Currently, I am using the below .proto file :
syntax = "proto2";
message profile
{
repeated **uint32** localEndpoint = 1;
repeated **uint32** remoteEndpoint = 2;
}
In order to save boost IP in the protobuf message, I am first converting boost IP into byte-format array by using "boost::asio::ip::address_v4::to_bytes()". So for a v4 IP, resultant array size is 4. Then I am converting 1st 4 bytes from the resultant byte-array into one uint32_t number and then storing in "localEndpoint" field of the protobuf message. Likewise, I repeat for the next 4 bytes (for v6). I am taking 4 bytes at a time so as to utilize full 32 bits of the uint32.
Hence for a v4 address, 1 occurrence of "localEndpoint" field is used. Similarly, for a v6 address, 4 occurrence of "localEndpoint" field is used.
Please allow me to highlight that if I had used "bytes" here, my input string itself would have been of size 15 bytes for a v4 ip like 111.111.111.111
Using uint32 instead of "bytes" does save me some encoded-data-size but I am looking for a more efficient protobuf type requiring lesser number of bytes.
Sorry for a long description but I wanted to explain my query in details. Please help me.. Thanks a lot in advance :)
Upvotes: 3
Views: 5924
Reputation: 1063814
An ipv4 address should require exactly 4 bytes. If you're somehow getting 8, you're doing something wrong - are you perhaps hex-encoding it? You don't need that here. Likewise, ipv6 should be 16 bytes.
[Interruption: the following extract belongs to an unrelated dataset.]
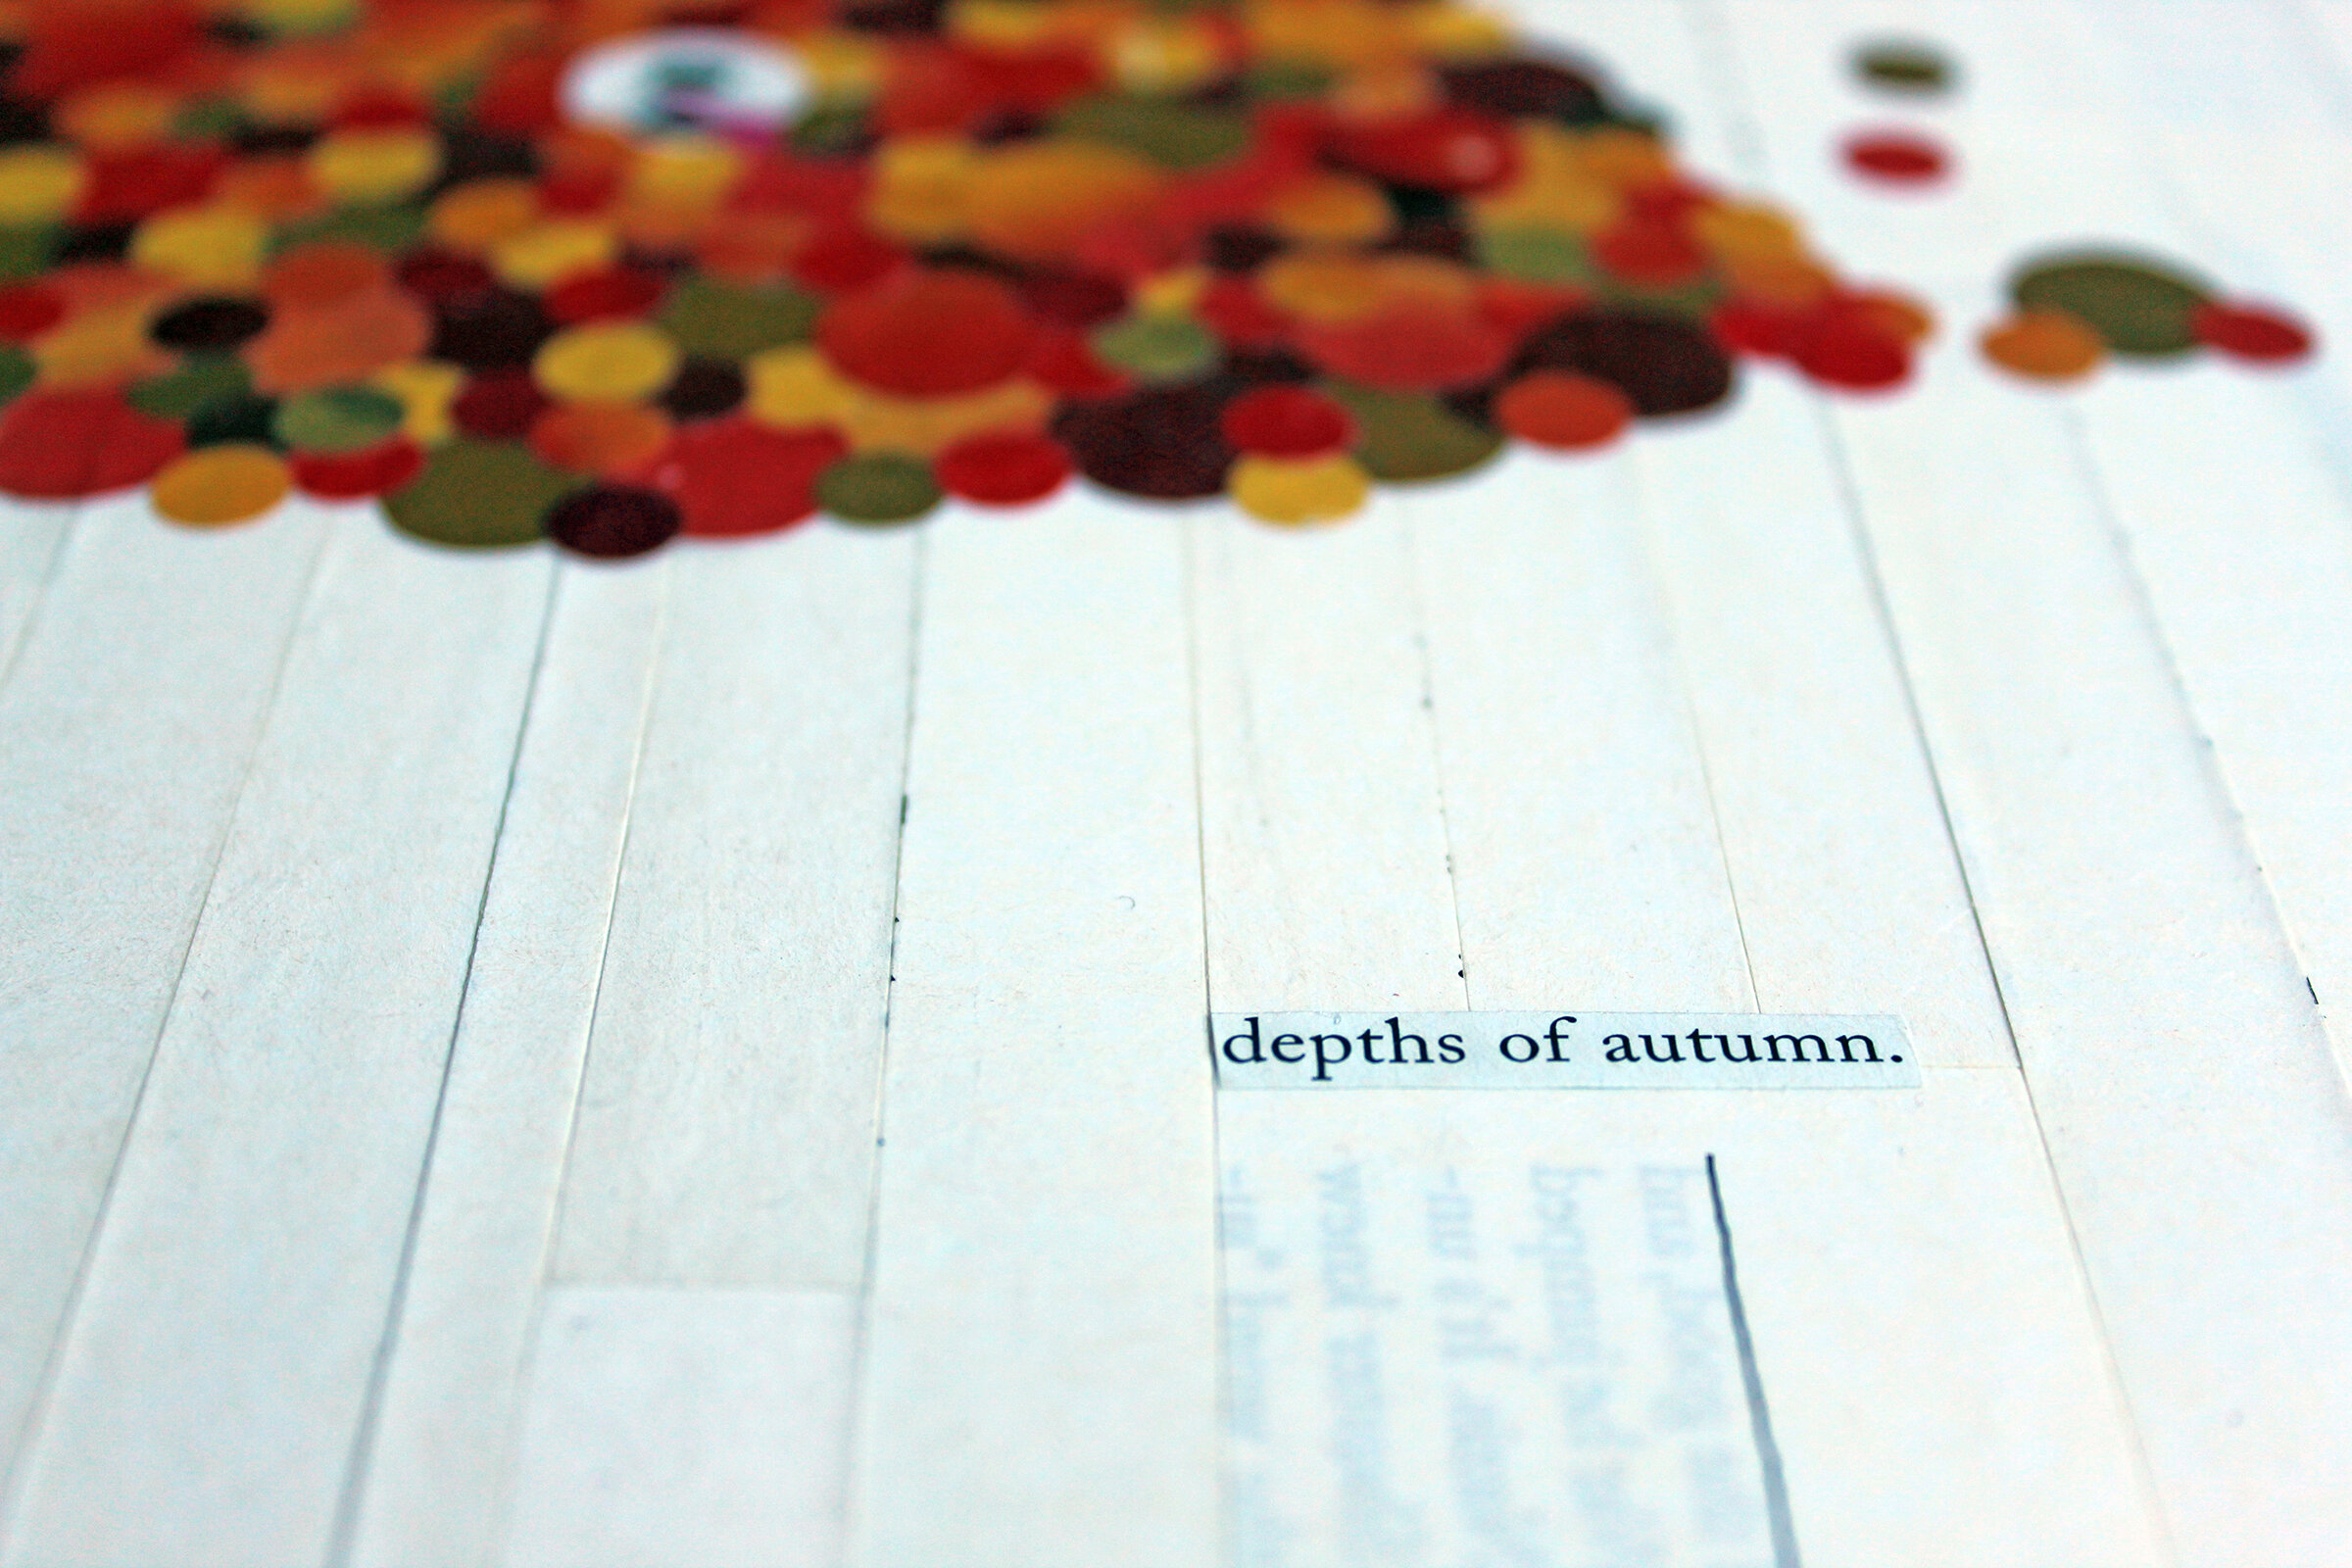  Detail – “depths of autumn.”

4 bytes with a usually-set high byte is most effectively stored as fixed32
- varint would be overhead here, due to the high bits. 16 bytes is more subtle - I'd go with bytes
(field header plus length), since it is simpler to form into a union, and if the field-number is large, it avoids having to pay for multiple multi-byte field headers (a length prefix of 16 will always be single-byte).
I'd then create a union of these via oneof
:
oneof ip_addr {
fixed32 v4 = 1;
bytes v6 = 2;
}
Upvotes: 9